┌────────

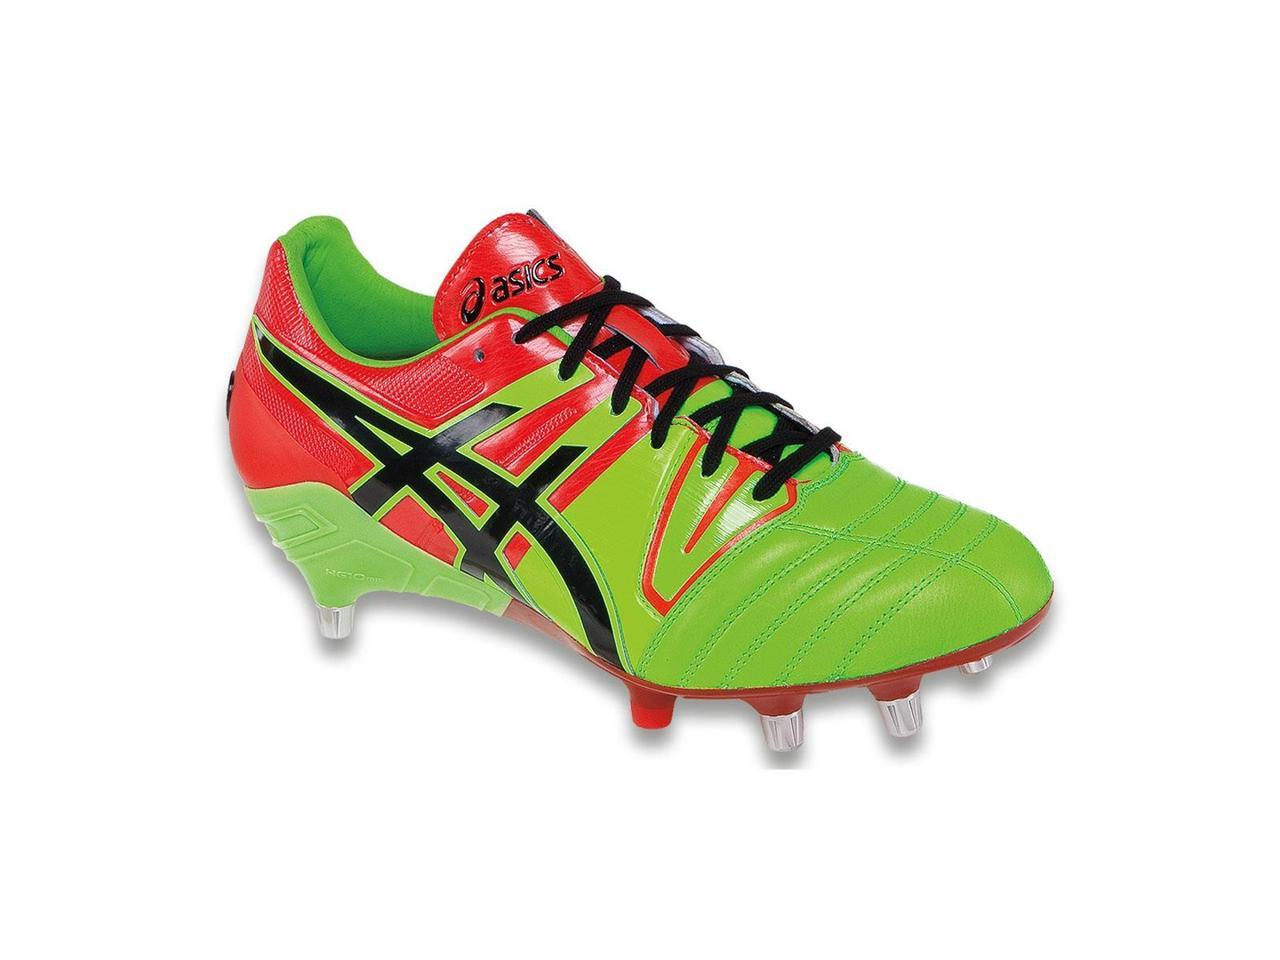 Asics 5 2015/16 Men's Gel-Lethal Tight 5 Asics Rugby Shoe - P500Y.8590 (Flash Green/Black/Deep Orange - 10) 905403
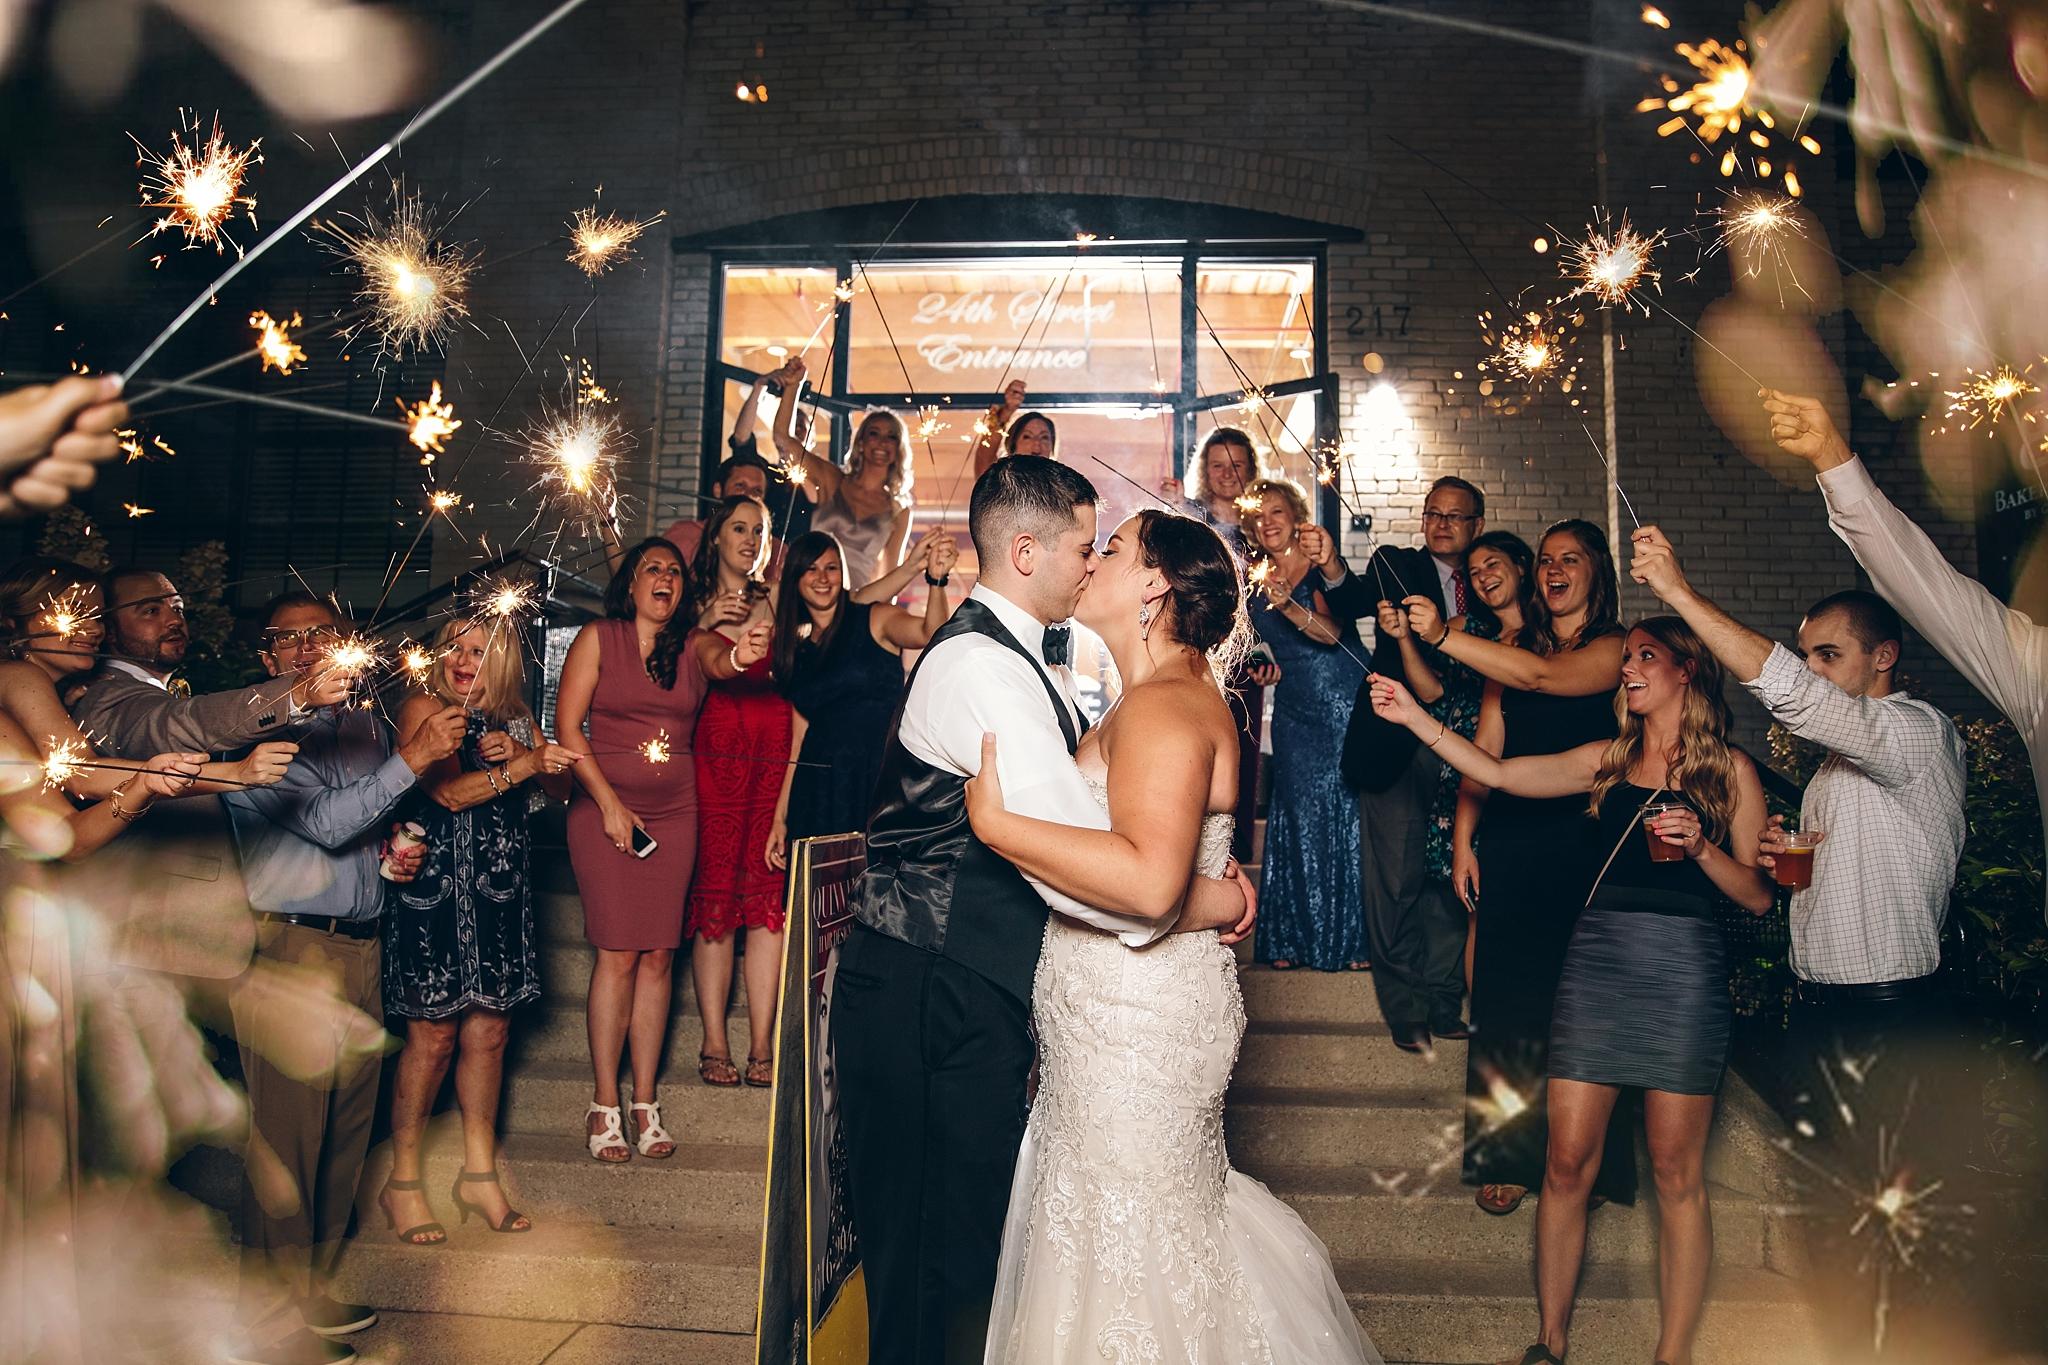 baker-lofts-holland-michigan-wedding-photographer_0414.jpg
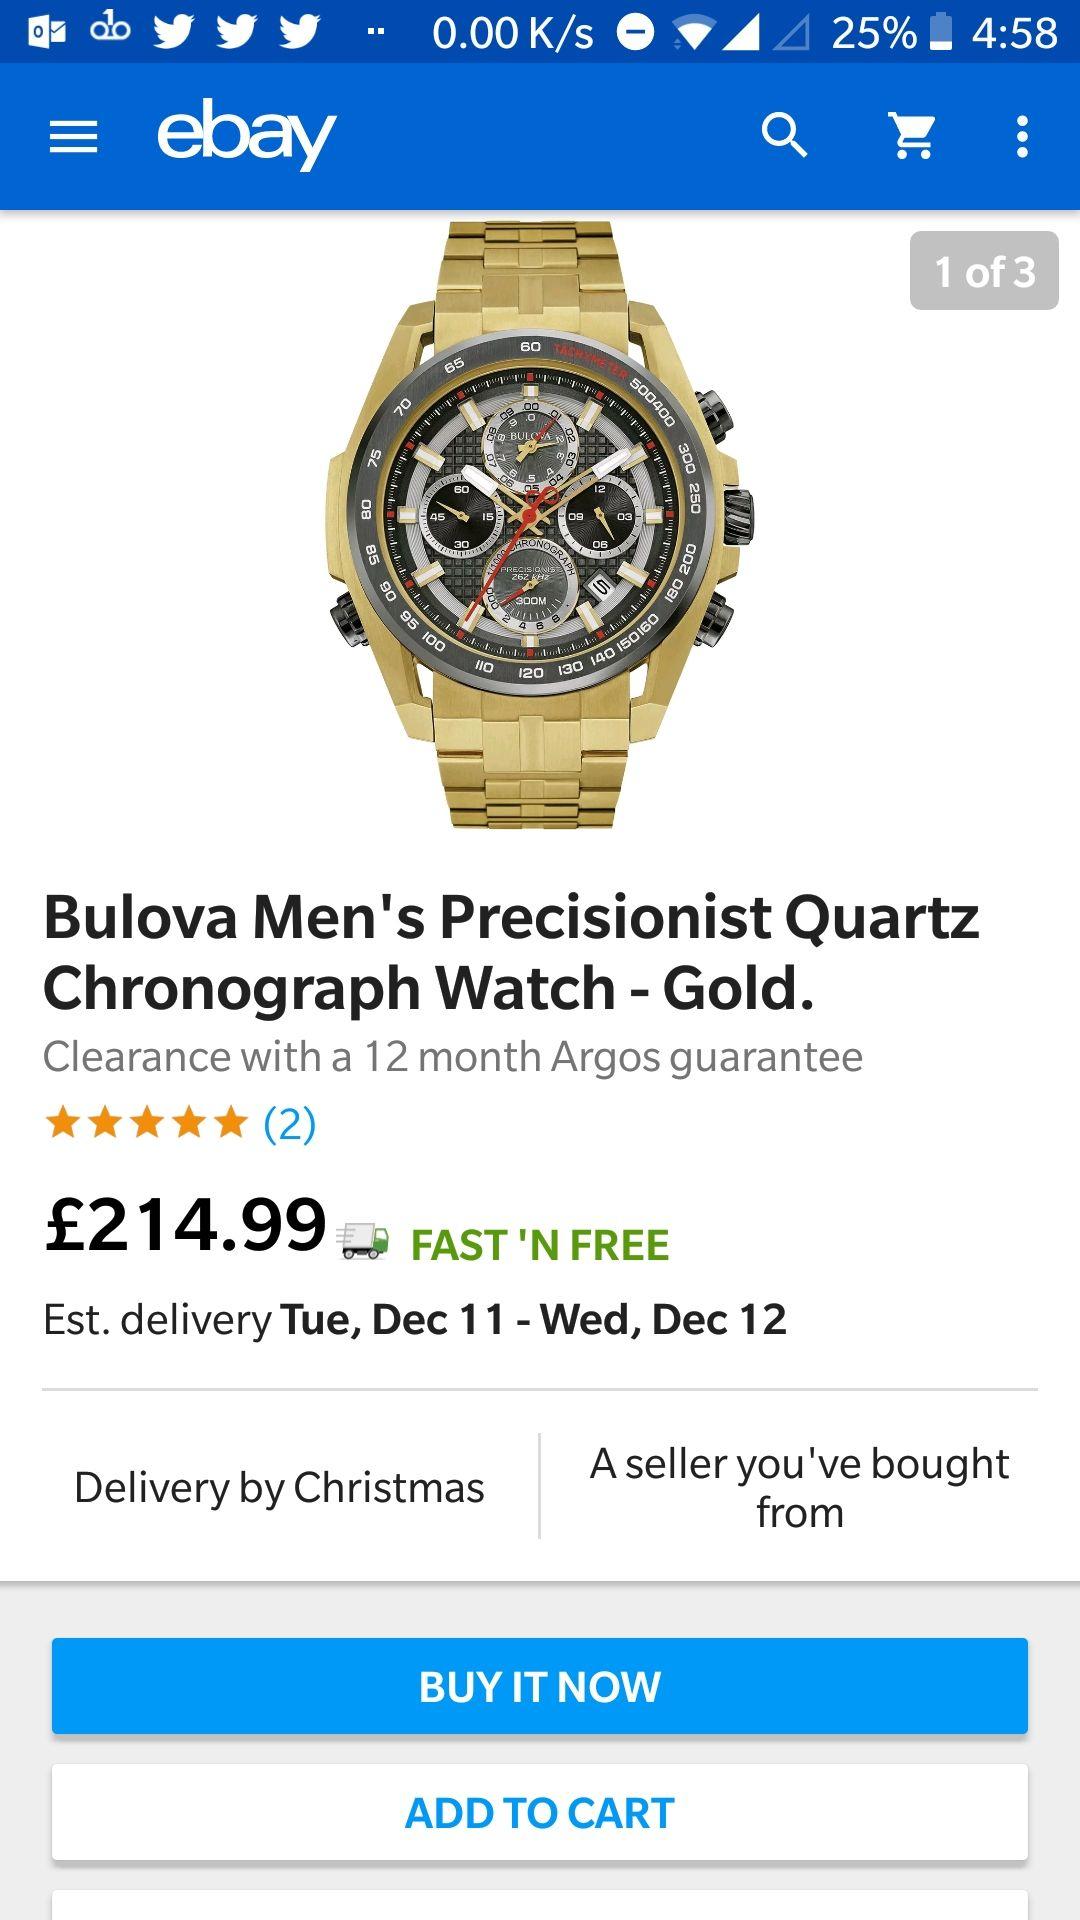 Bulova Men's precisionist  Quartz chronograph watch gold £214.99 - eBay / Argos
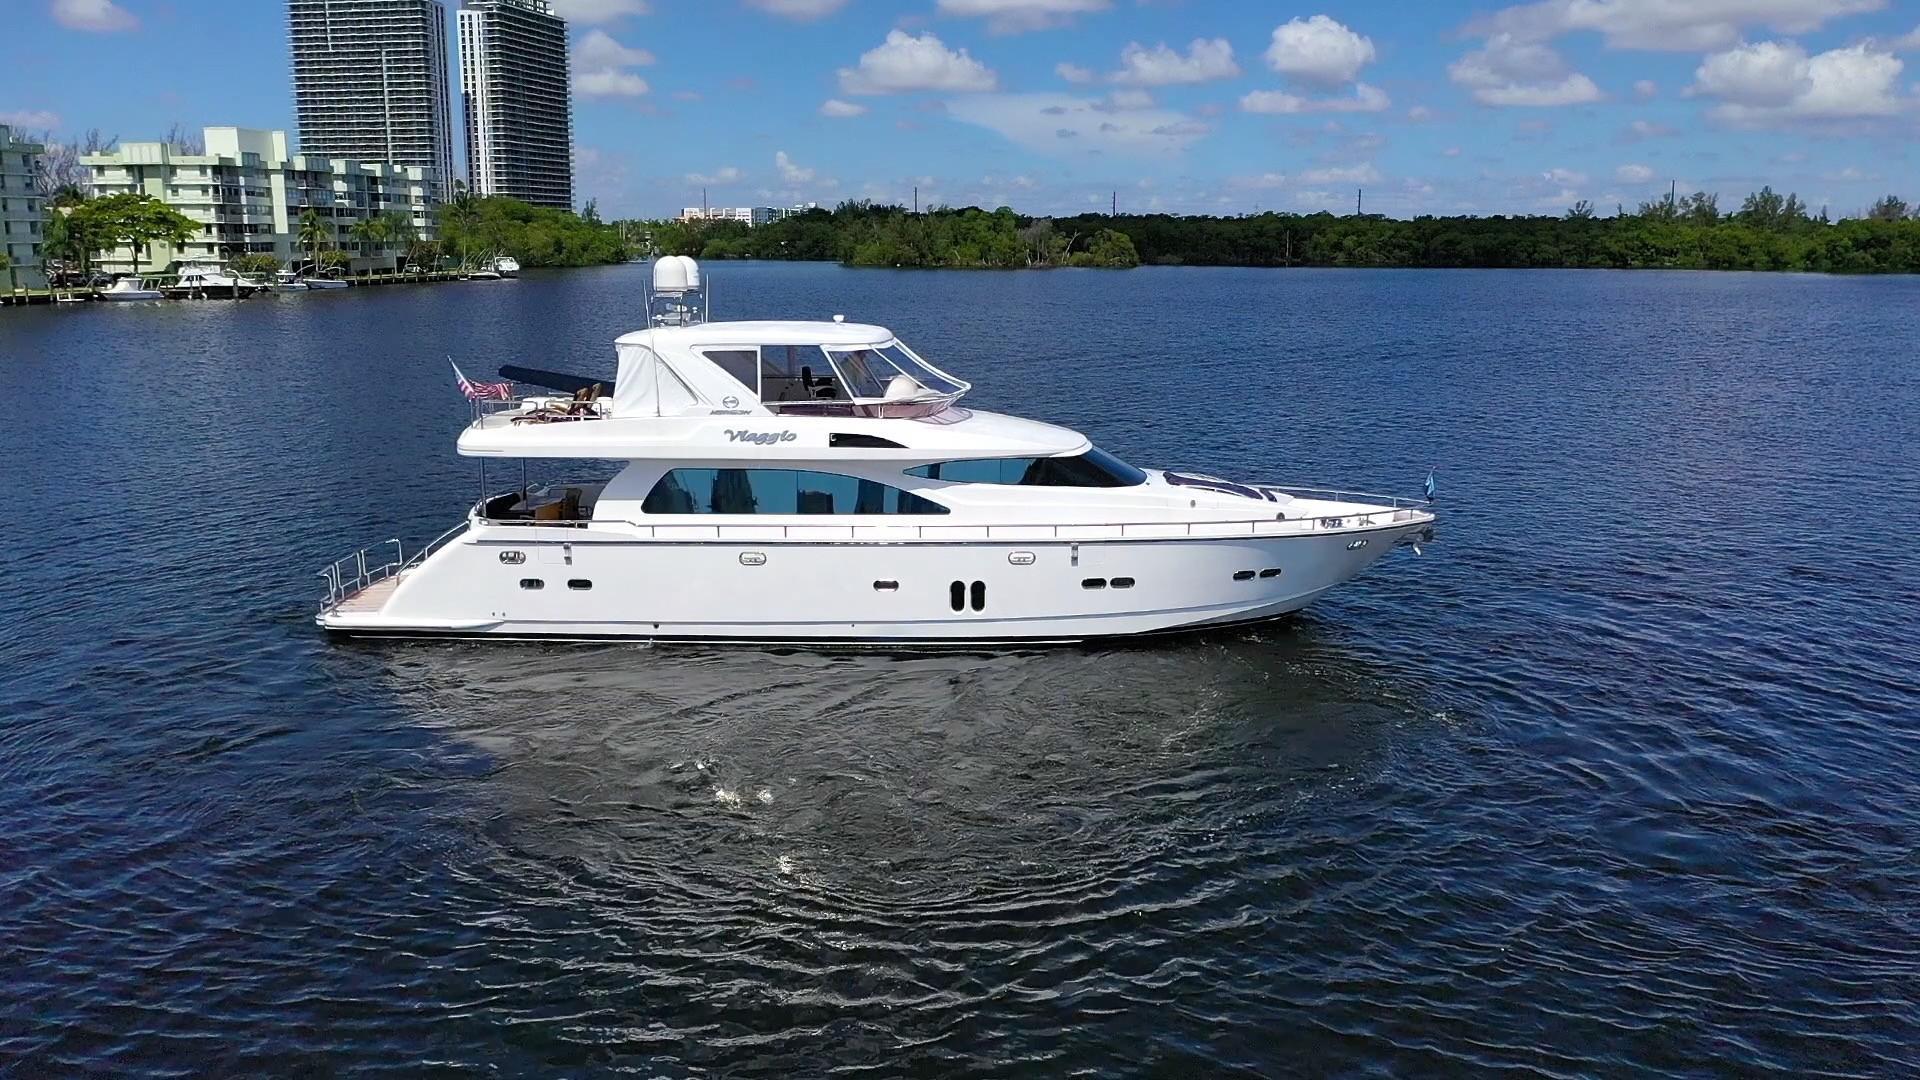 74' Horizon Motor Yacht VIAGGIO

└────────

_Problem statement_
Would you return the data above exactly as written, minus the images?

_Answer box_
 Asics 5 2015/16 Men's Gel-Lethal Tight 5 Asics Rugby Shoe - P500Y.8590 (Flash Green/Black/Deep Orange - 10) 905403
 baker-lofts-holland-michigan-wedding-photographer_0414.jpg
 Bulova Men's precisionist  Quartz chronograph watch gold £214.99 - eBay / Argos
 74' Horizon Motor Yacht VIAGGIO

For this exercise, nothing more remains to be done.